__Extracted material__:
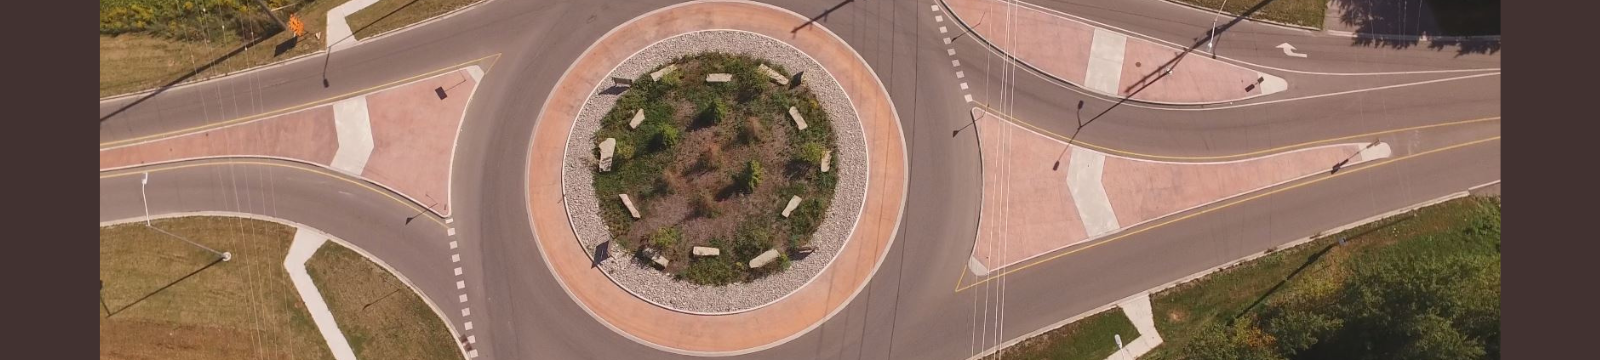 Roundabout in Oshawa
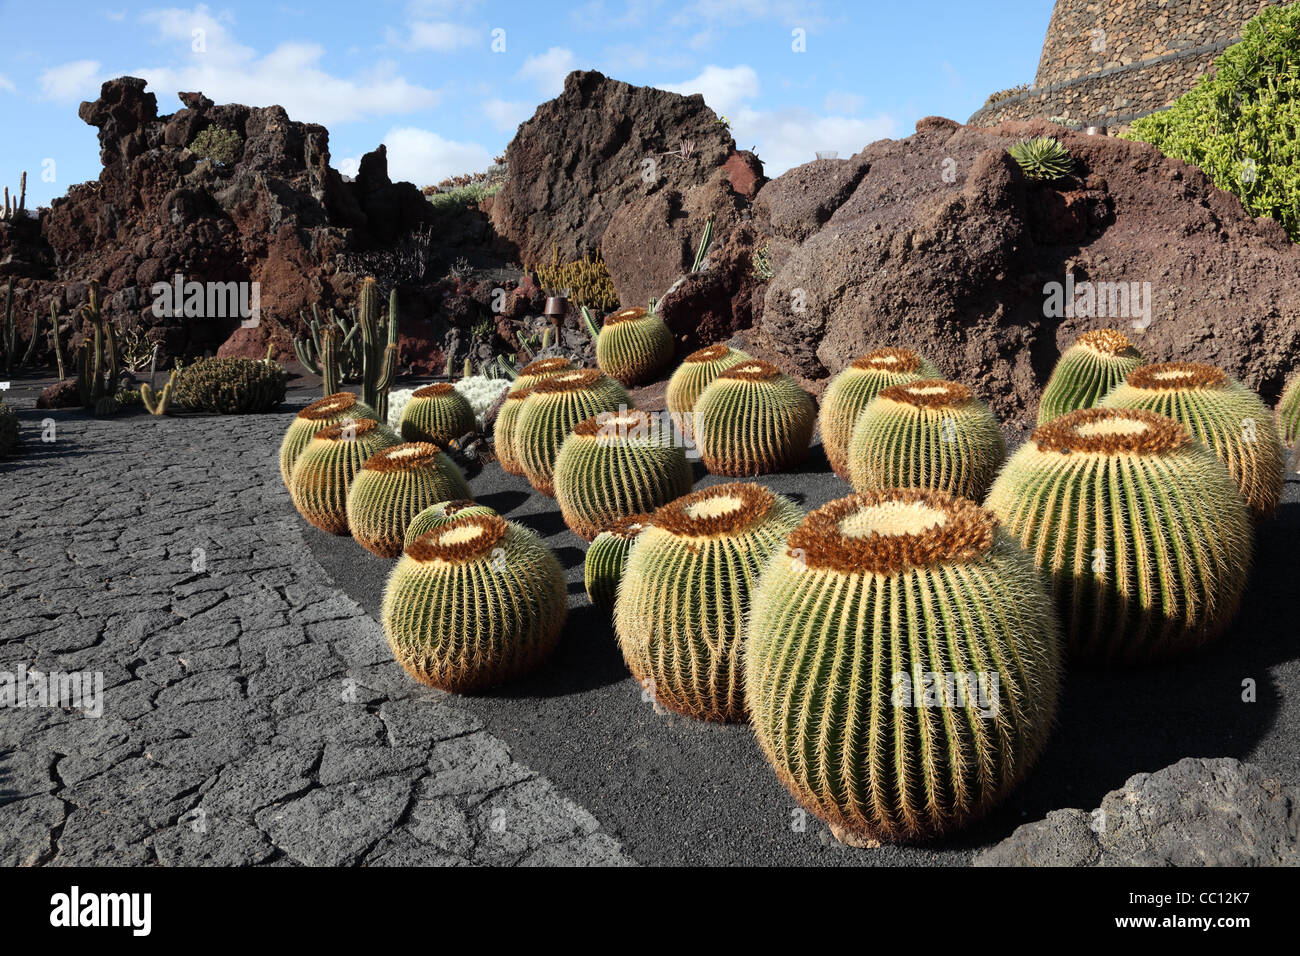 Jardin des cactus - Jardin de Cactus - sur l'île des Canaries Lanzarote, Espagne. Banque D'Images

---

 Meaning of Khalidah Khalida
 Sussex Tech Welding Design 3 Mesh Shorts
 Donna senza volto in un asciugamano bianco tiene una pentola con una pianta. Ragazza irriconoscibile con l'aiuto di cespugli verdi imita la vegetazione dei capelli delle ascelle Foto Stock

__Task item__:
In the data above, the stretch from the line with "Roundabout in Oshawa" through the line with "Jardin des cactus" is to be returned exactly, minus any pictures.

__Task output__:
 Roundabout in Oshawa
 Jardin des cactus - Jardin de Cactus - sur l'île des Canaries Lanzarote, Espagne. Banque D'Images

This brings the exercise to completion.